On the “lose to find” paradox
People often speak of losing themselves to find themselves. Some sound as though they know what they're talking about; others are mimicking. Context plays a significant role that range from seasons of great personal growth to singular events. In each, the paradox expresses a mystery in which intuition won out over linear thinking.
The paradox explains the unexplainable.
Conversations with friends on "losing to find" paradox are rarely cohesive. Sometimes it was a self-image they let go of, a reputation that no longer worked for them. They felt vulnerable but acted courageously. Images of stripping back a façade they had worn revealed a form of themselves that was more recognizable, more workable, more powerful. At times, it even sounds appropriate to say that they let go of a false self so that they could find their true selves.
As delicious as the snappiness and balance of "letting go of the false to find the true" is, I don't like donning that description. Its itchy, uncomfortable. It doesn't sit right because I sense a deep anger arising from the logical conclusion that I was lying to myself. Self-lies may not be completely inaccurate, but that doesn't recognize my sincerity and earnestness in the process. It appears helpful but is phenomenologically diabolical. Plus, my friends agree the first self was necessary to the latter. The "false" stage was essential. How can I consciously call an essential self a false self?

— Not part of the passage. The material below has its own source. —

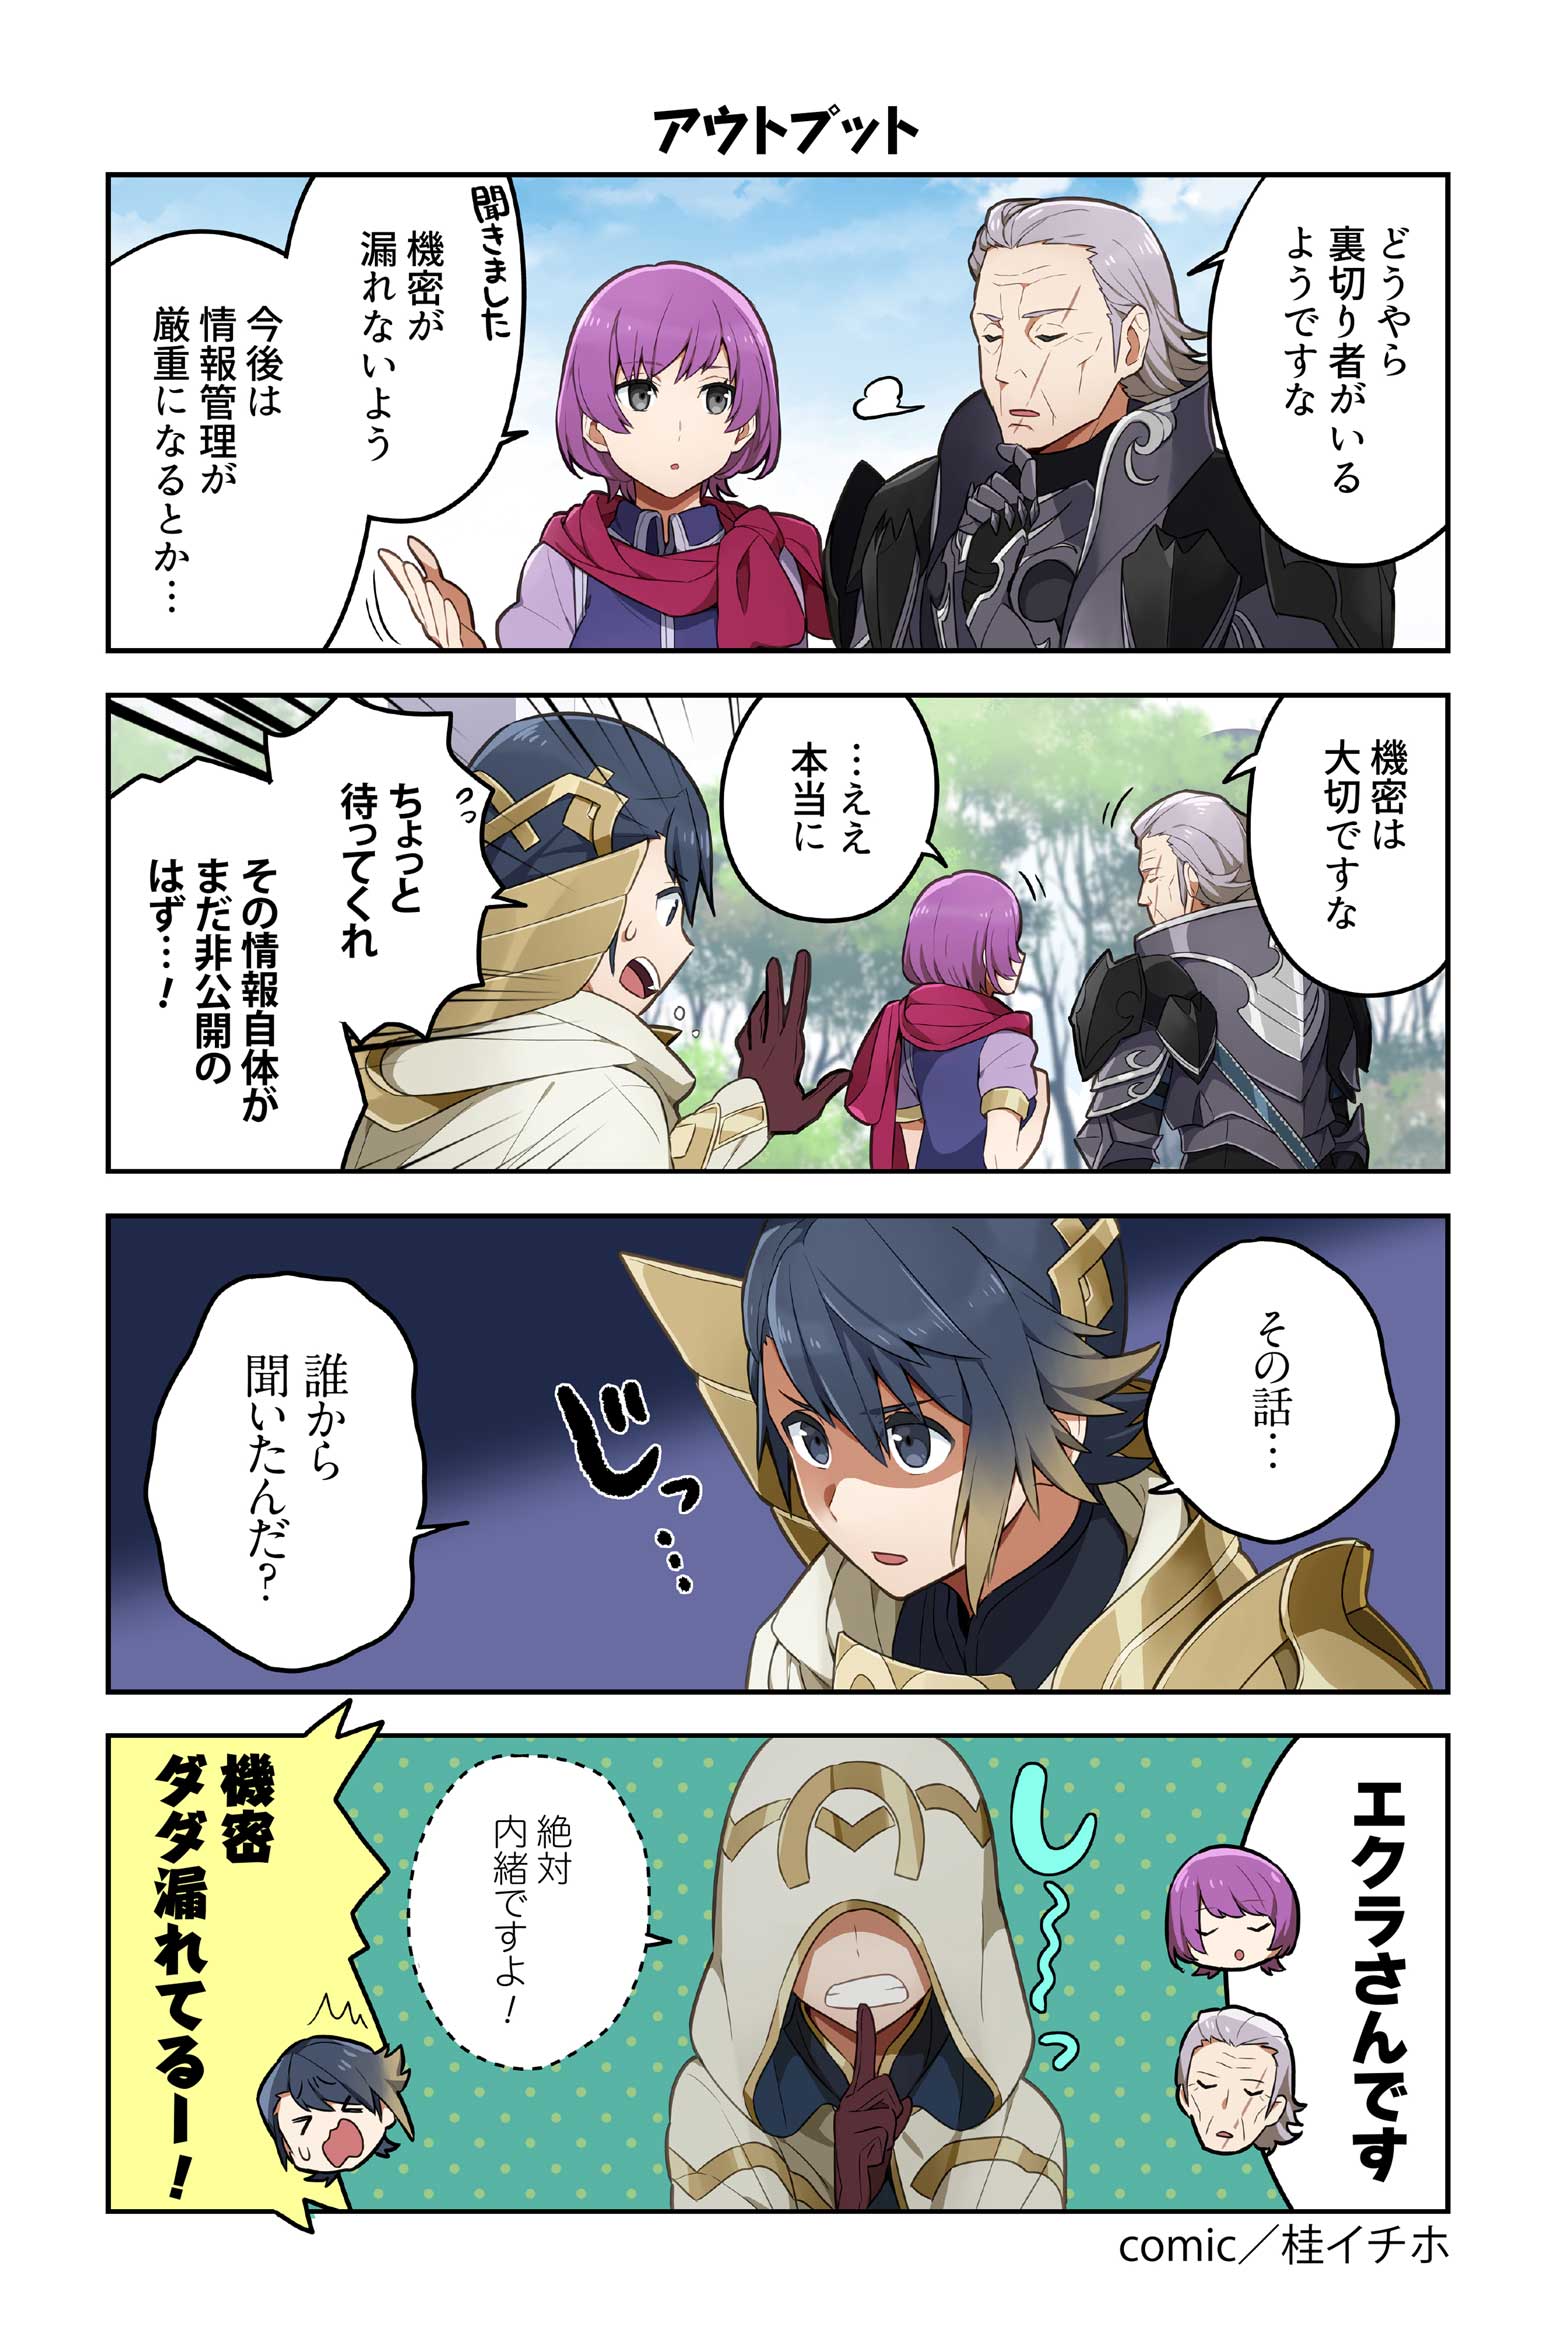 &gt;_&lt; 1girl 2boys 4koma alfonse_(fire_emblem) androgynous armor blonde_hair blue_eyes blue_hair blurry blurry_background cape chibi chibi_inset clouds comic dialogue_box dress finger_to_mouth fire_emblem fire_emblem:_shin_monshou_no_nazo fire_emblem_heroes fire_emblem_if gloves grey_eyes gunter_(fire_emblem_if) hair_ornament hand_on_own_chin highres hood juria0801 katarina_(fire_emblem) multicolored_hair multiple_boys nintendo nodding official_art open_hand open_mouth polka_dot polka_dot_background purple_hair reaching_out scar scarf short_hair short_sleeves shushing signature simple_background sky summoner_(fire_emblem_heroes) sweatdrop thinking tree two-tone_background

At other times, my friends describe losing to find as getting lost in the moment. Think Eminem's "Lose Yourself," where a young father desperately wants to provide for his family in a way that coincides with his calling:
You better lose yourself in the music, the moment
You own it, you better never let it go
Losing yourself here means embodying everything you've ever wanted because fate hangs in the balance. That's a desperate place we've probably all felt, and I've found myself weeping when I listen to this song. I'm a father of five with a very young daughter. But even thought I resonate with the desperation, I'm not in a rap battle, so there's the question of "Is this really my dilemma?"
I need a more robust understanding of the losing to find paradox.
Enter the seed-plant metaphor. As rudimentary as a seed can be, the DNA of the plant that it will become is all there inside that tiny box of growing. It's all there. Every last code of thymine, cytosine, adenine, and guanine is there awaiting the critical moment when life bursts forth from the seed into a shoot and then into a plant. Nothing is wasted. Everything is meaningful. The seed stage is essential.
Furthermore, the seed-to-plant metaphor makes room for resiliency and self-compassion. There's a tenderness present that I withhold when deciding that early versions were "false" versions. "False" denotes needless, gratuitous, pointless. Waste not, want not. I refuse to see any part of my life as unnecessary. All is warranted. All is educational. All is loveable. Even the excessive alcohol I consumed last Saturday night allows me to say to myself today, "Learn from that." I want to make meaning of every part of my life, to see every moment as a foundation or stepping stone for the next.
A poet friend of mine named Pádraig turned me toward the poem "Lost" by David Wagoner. You can hear his thoughts on the poem here. Books could be written about "Lost"'s wisdom, but I'll only steal a glance at the line telling me to "treat [Lost-ness] as a powerful stranger." The creator’s space. A genesis. An evolving force sustained by the Universe. It's where I find myself listening to the silent manifestation of the incarnate logos emerging within the deafness of my own spirituality and bring hope that I, too, can yet live.
"Losing to find" expresses the deep mystery of the seed that must be buried in order to rise as a plant, leaves stretching to the eastern sun.